Try it
As you work through the listing below, copy each line exactly and drop the images.
*** Opening of Supplied data ***
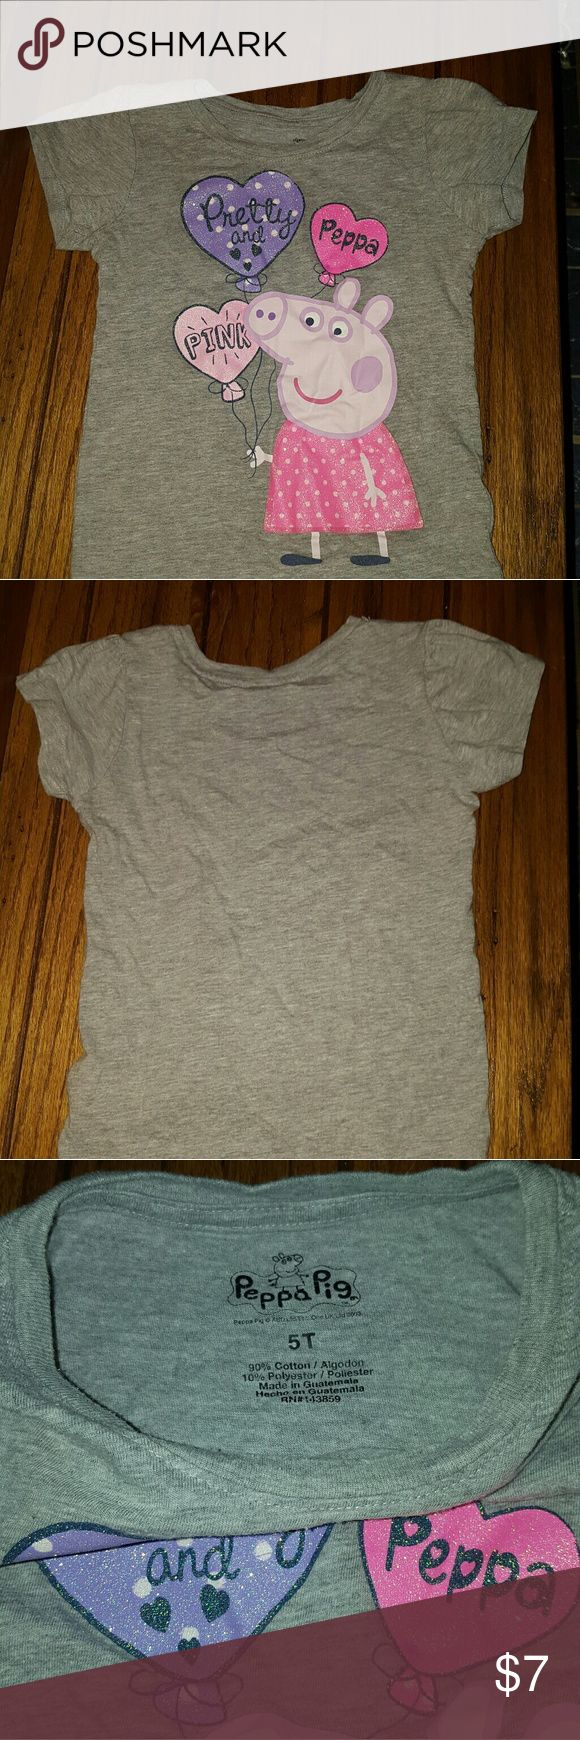 Peppa Pig Girls Shirt Size 5T Previously enjoyed.   Size 5T Peppa Pig girls shirt. Peppa Pig Shirts & Tops Tees - Short Sleeve
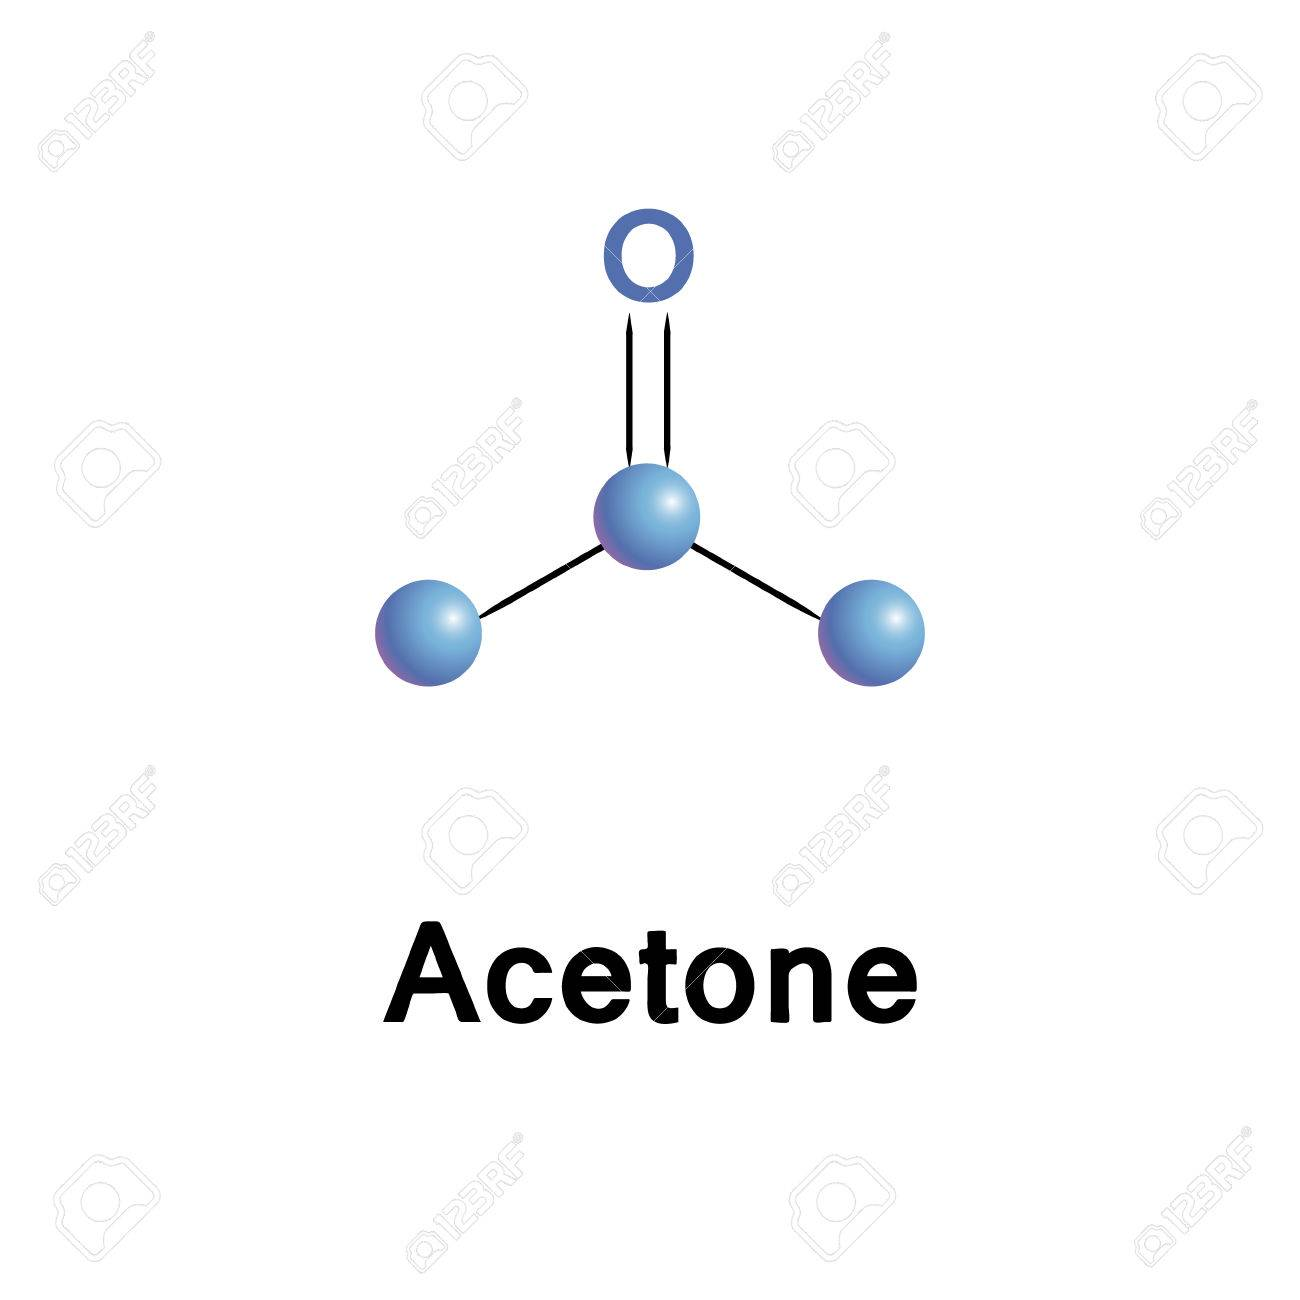 Acetone Chemical Formula, Molecule Structure, Medical Vector ...
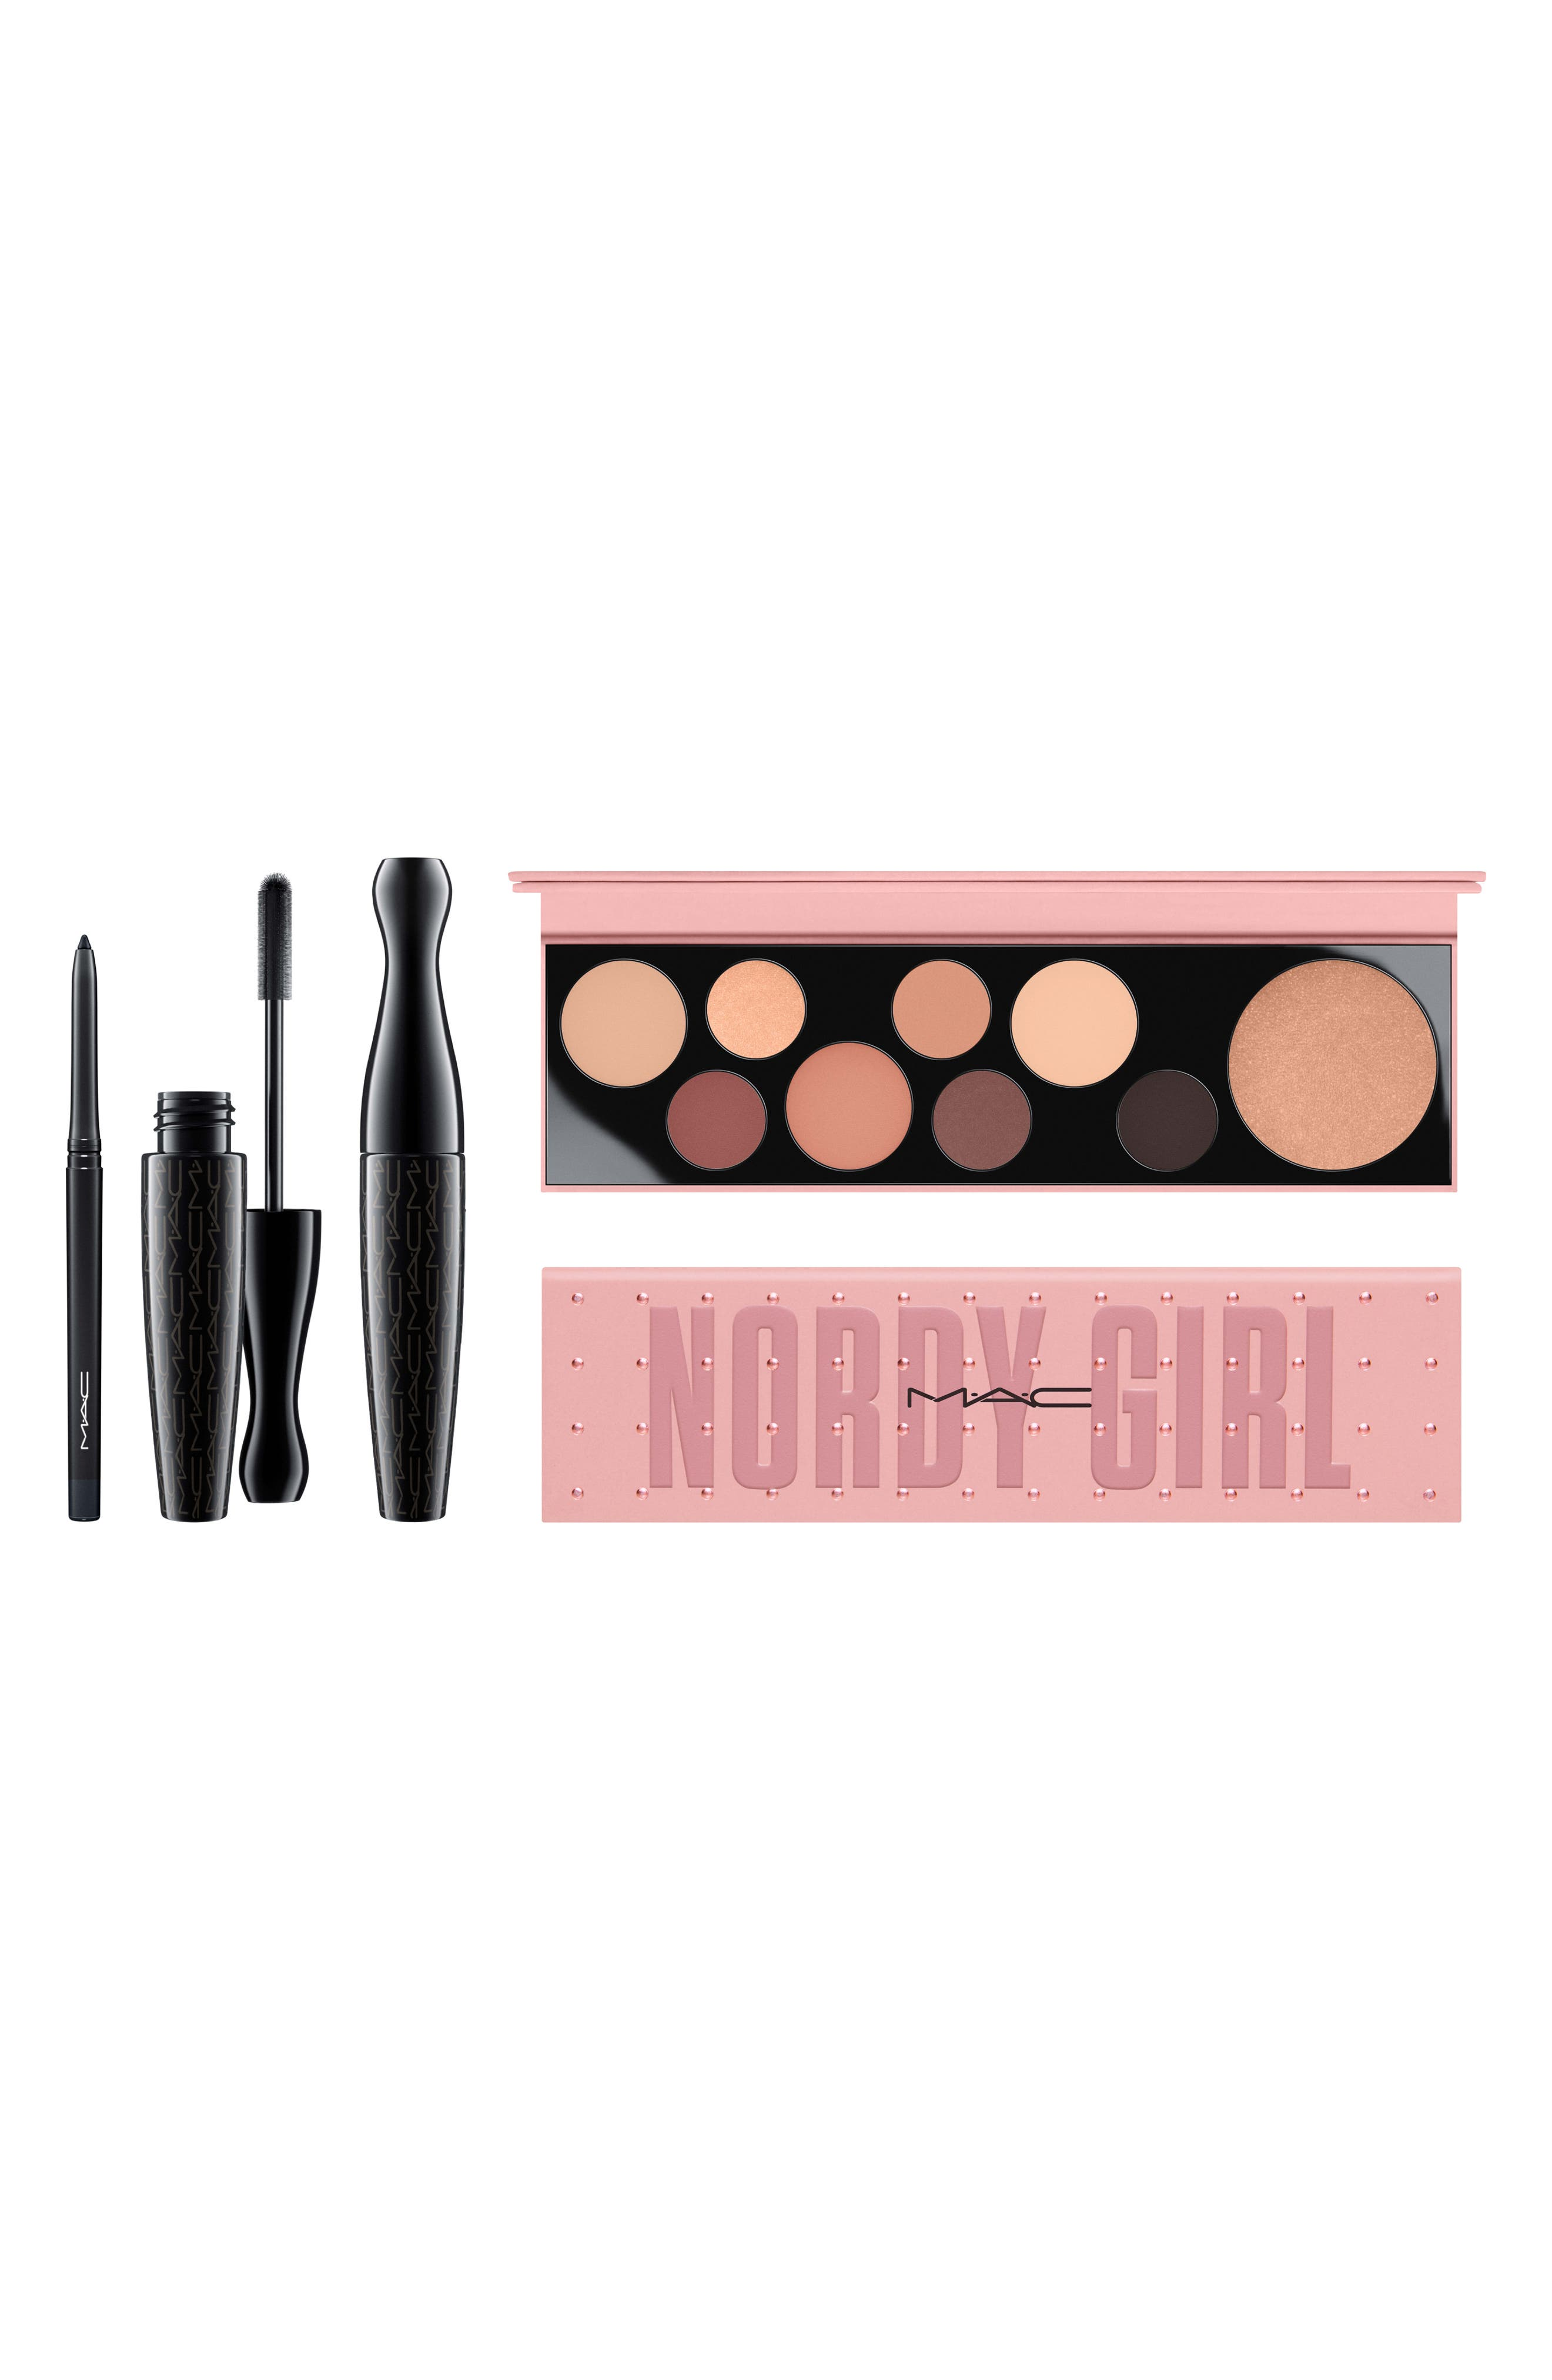 MAC Nordy Girl Matte Face & Eye Set,                         Main,                         color, 000
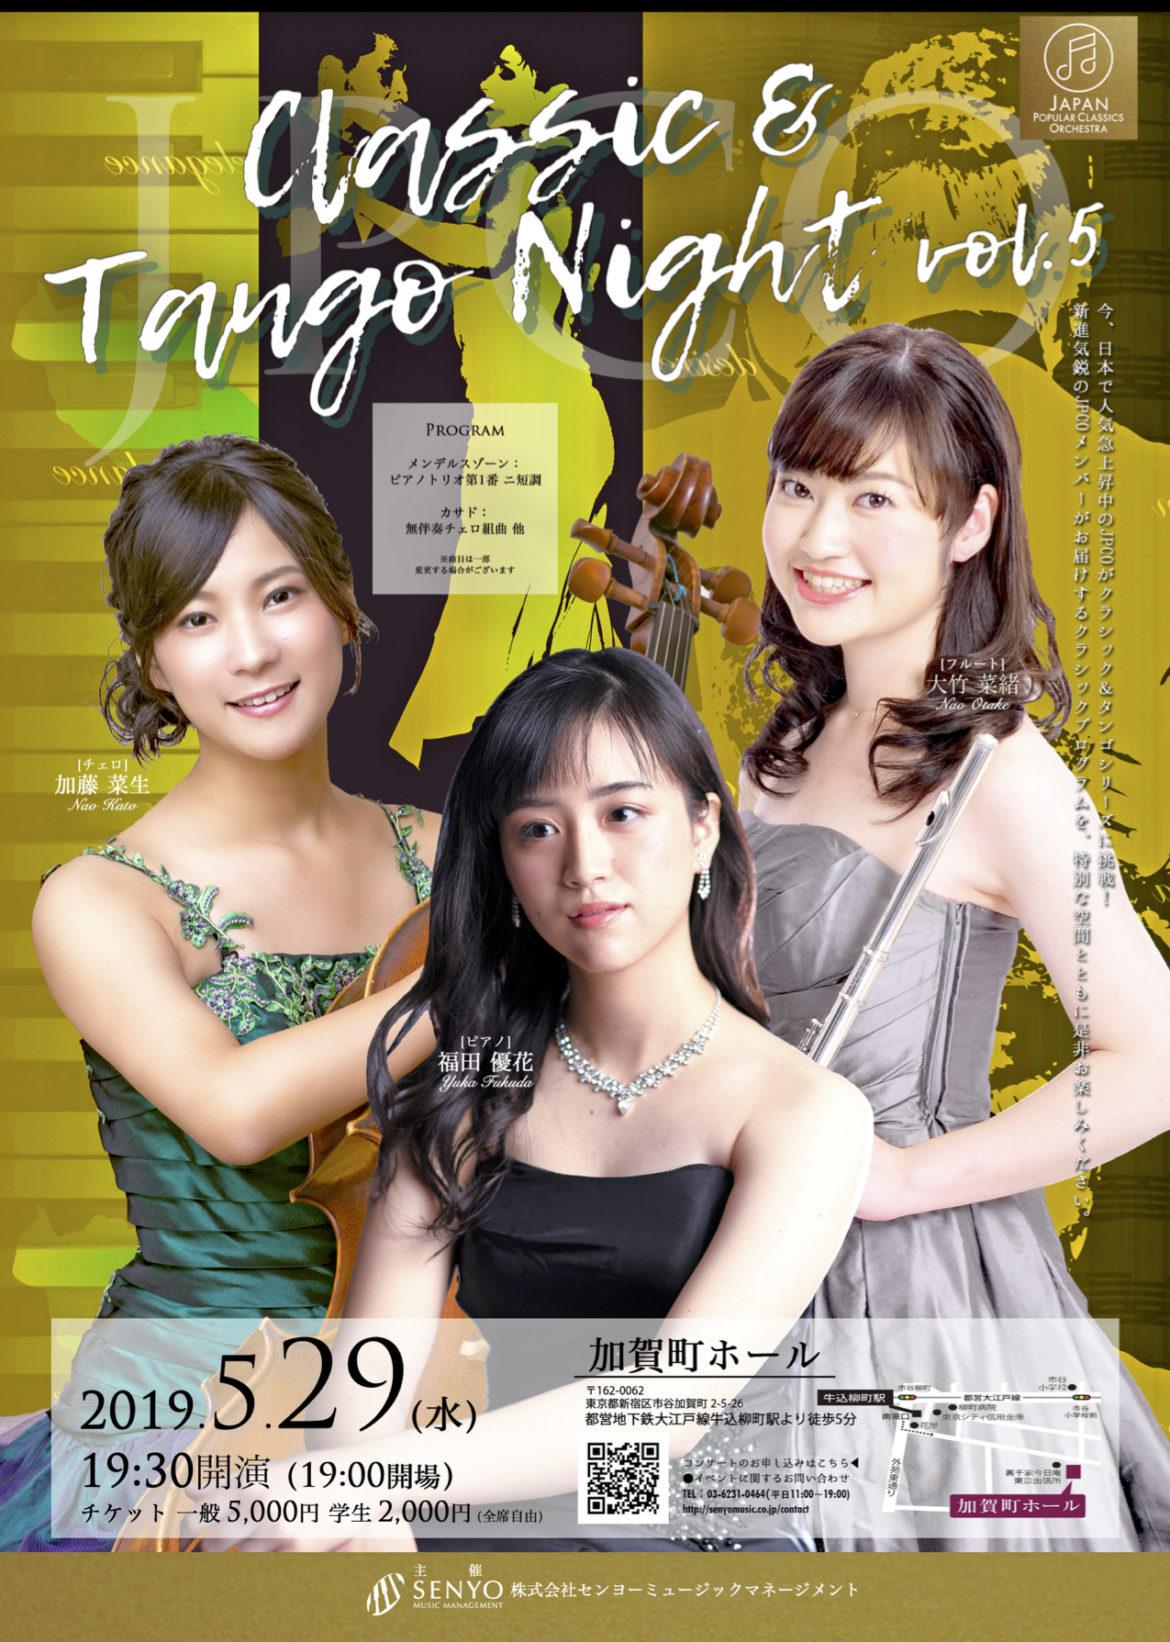 2019.5.29  JPCO CLASSIC & TANGO NIGHT  vol.5
*** Close of Supplied data ***
Written reply
 Peppa Pig Girls Shirt Size 5T Previously enjoyed.   Size 5T Peppa Pig girls shirt. Peppa Pig Shirts & Tops Tees - Short Sleeve
 Acetone Chemical Formula, Molecule Structure, Medical Vector ...
 MAC Nordy Girl Matte Face & Eye Set,                         Main,                         color, 000
 2019.5.29  JPCO CLASSIC & TANGO NIGHT  vol.5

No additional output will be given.